In people with stage I–III melanoma does vitamin D supplementation improve overall survival?
This should be investigated in a placebo‑controlled randomised trial. Secondary outcomes should include disease‑specific survival and toxicity, including the development of renal stones and hypercalcaemia.
It has been reported that suboptimal levels of vitamin D at diagnosis are common in people with melanoma from the north of England and that higher levels are associated with lower melanoma‑related mortality. However, vitamin D levels are higher in leaner, fitter people and the nature of the relationship between vitamin D levels and melanoma survival is unclear.
There are 2 adjuvant trials of vitamin D supplementation listed as active currently, 1 in Italy and 1 in Australia. However, there are many uncertainties about the design of vitamin D trials, which might become clearer in the next few years. These include the dose of vitamin D, use of concurrent aspirin therapy and the baseline level at which vitamin D supplementation would be started.

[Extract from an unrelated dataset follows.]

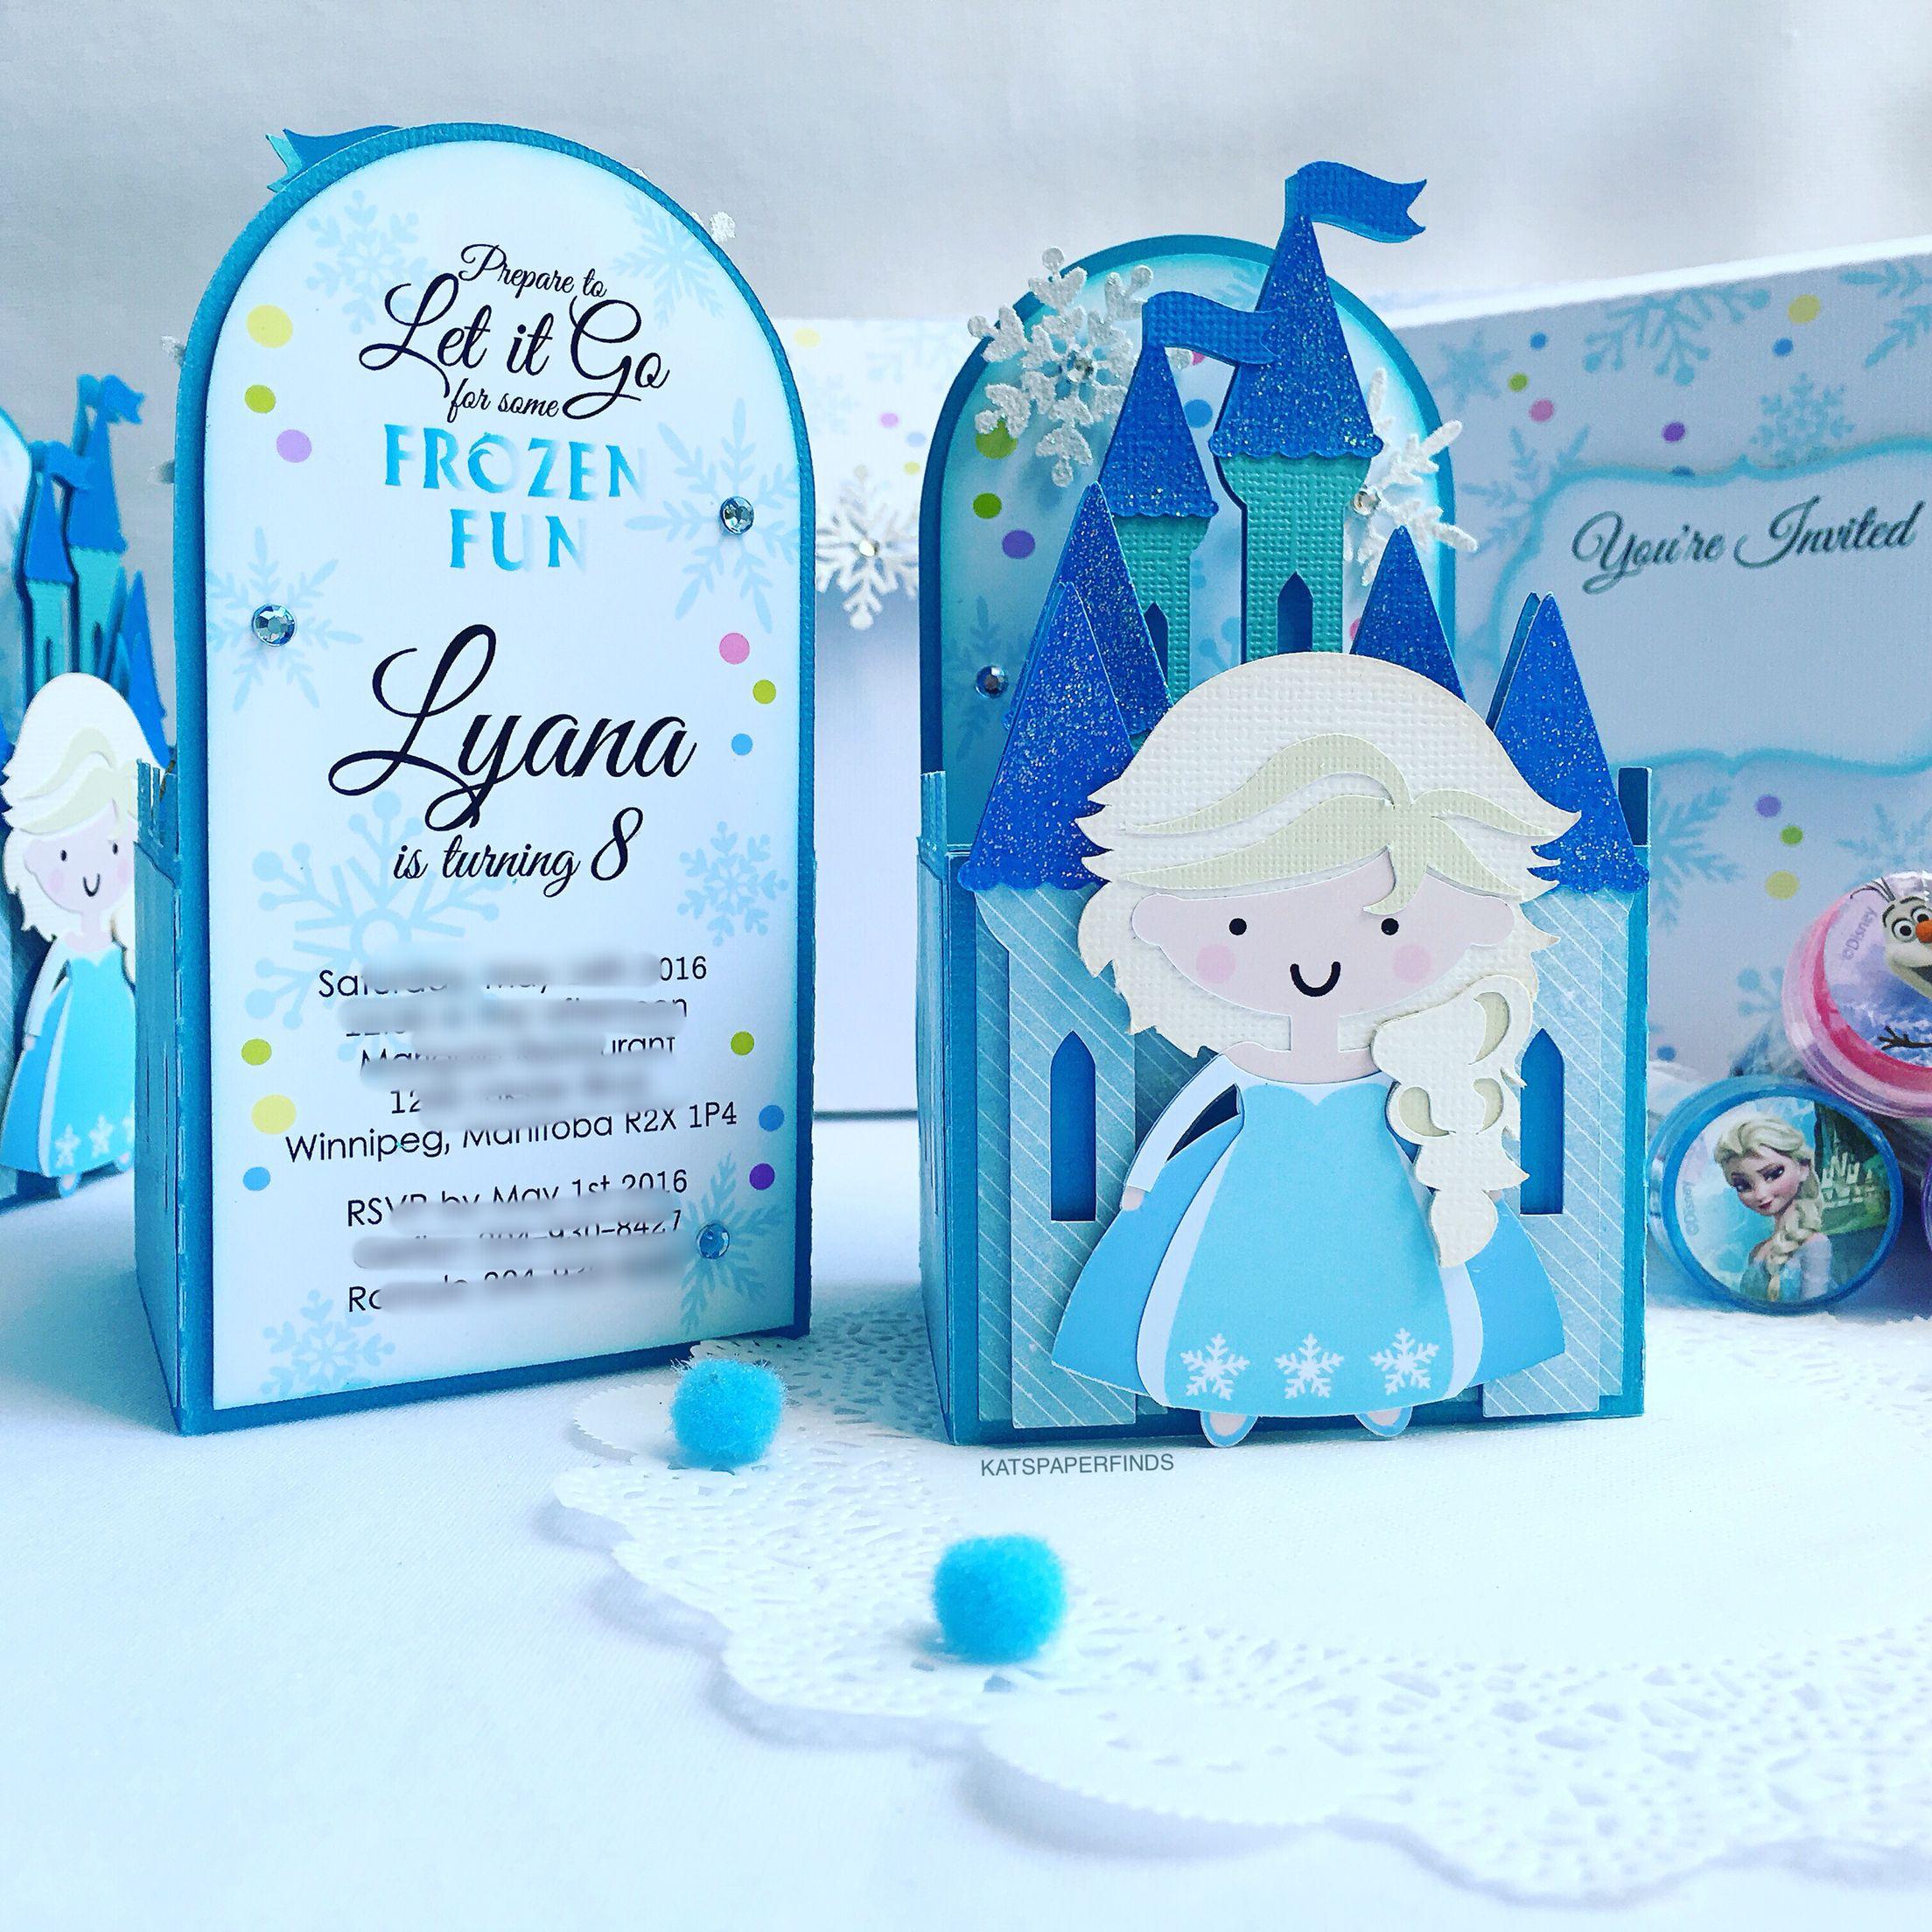 ❄️Frozen❄️ themed castle box invitations for Lyana's 8th birthday!

In people diagnosed with melanoma what is the effect of drug therapy to treat concurrent conditions on disease‑specific survival?
This should be investigated in a national prospective cohort study. Secondary outcomes should include overall survival and quality of life.
Drugs such as immunosuppressants and those used to treat conditions such as diabetes have effects that may affect survival in people with melanoma. For example metformin, the most frequently prescribed drug for type 2 diabetes, is thought to reduce overall cancer rates in people with diabetes but to increase mortality from melanoma in the approximately 40% of these people who have a somatic BRAF mutation.
There is a need to balance the risk of melanoma deaths with the benefits from the most effective treatment of the concurrent conditions. But there is currently no evidence to inform this decision.